Ein Bekannter fragte mich um Rat bezüglich eines Seerosenlieferanten und ich empfahl ihm als Händler hier unseren Forumsmoderator.Den schrieb er 2 x mal mit einer Frage bezüglich einer geplanten Bestellung bei ihm an.
Leider bekam er nie eine Antwort und bestellte nun bei seerosensorten.de seine Pflanzen.Alles verlief absolut professionell und zügiger und freundlicher und kompetenter konnte die Kommunikation  und Lieferung nicht sein,wie ich beobachten konnte.Daher meine Empfehlung s.o.!

Gruß

Bernd


----------



## RonnyS311 (15. Mai 2013)

*AW: seerosensorten.de zu empfehlen?*

Die Seerose hat es doch bis zur Oberfläche geschafft, obwohl ich sie direkt in 1m Tiefe gepflanzt hatte.

_Edit: Der Rest ist schon wieder ein ganz anderes Thema_


----------



## mitch (16. Mai 2013)

*AW: seerosensorten.de zu empfehlen?*

Hallo Ronny,

die Seerosen mögen es nicht so gerne wenn sie von oben ständig berieselt werden (Springbrunnendüse) 

Wenn du viele schöne Blüten haben willst wirst du den Springbrunnen woanders hinstellen müssen


----------



## RonnyS311 (16. Mai 2013)

*AW: seerosensorten.de zu empfehlen?*

Aber im vorderen Bereich kommt der Springbrunnen ja gar nicht hin (geht nur bis zu der Verengung).


----------



## mitch (16. Mai 2013)

*AW: seerosensorten.de zu empfehlen?*

es hat halt auf dem Bild so ausgesehen   wenn´s ned so iss, dann ist es ja ok


----------



## Nymphaion (17. Mai 2013)

*AW: seerosensorten.de zu empfehlen?*



Deuned schrieb:


> ... ich empfahl ihm als Händler hier unseren Forumsmoderator.Den schrieb er 2 x mal mit einer Frage bezüglich einer geplanten Bestellung bei ihm an.
> Leider bekam er nie eine Antwort ...



Guten Morgen,

auch ich kann seerosensorten.de objektiv gesehen nur empfehlen, gehört zu den größten und professionellsten Kollegen und hat eine dementsprechende Mannschaftsgröße im Hintergrund die für den reibungslosen Ablauf und die Kommunikation sorgt. 

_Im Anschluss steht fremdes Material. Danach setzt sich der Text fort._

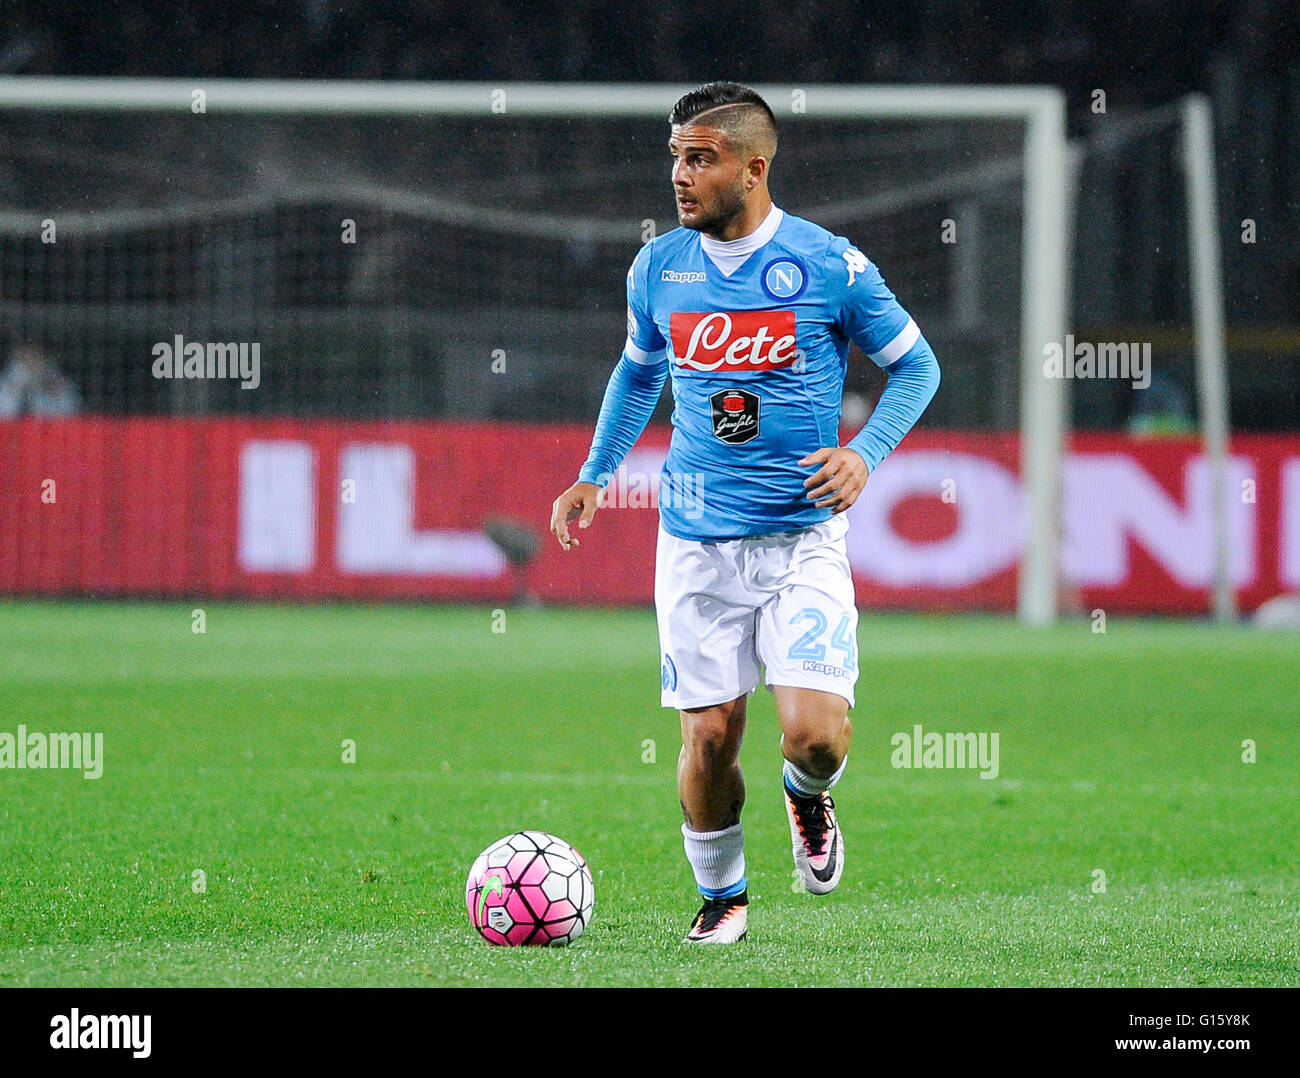 Turin, Italy. 8 may, 2016: Lorenzo Insigne in action during the Serie A football match between Torino FC and SSC Napoli Stock Photo

Daß vor allem letzteres bei uns gerade in der Hoch-Saison des Versands noch verbesserungswürdig ist ist uns schmerzlich bewusst, aber wir versuchen auch in diesem Bereich Schritt für Schritt konkurrenzfähiger zu werden, um nicht nur qualitativ mithalten zu können. Wir haben uns auch diesen Monat wieder verstärkt, somit sollten auch in der Kommunikation wieder einen Schritt näher bei den Erwartungen der Kunden sein.


----------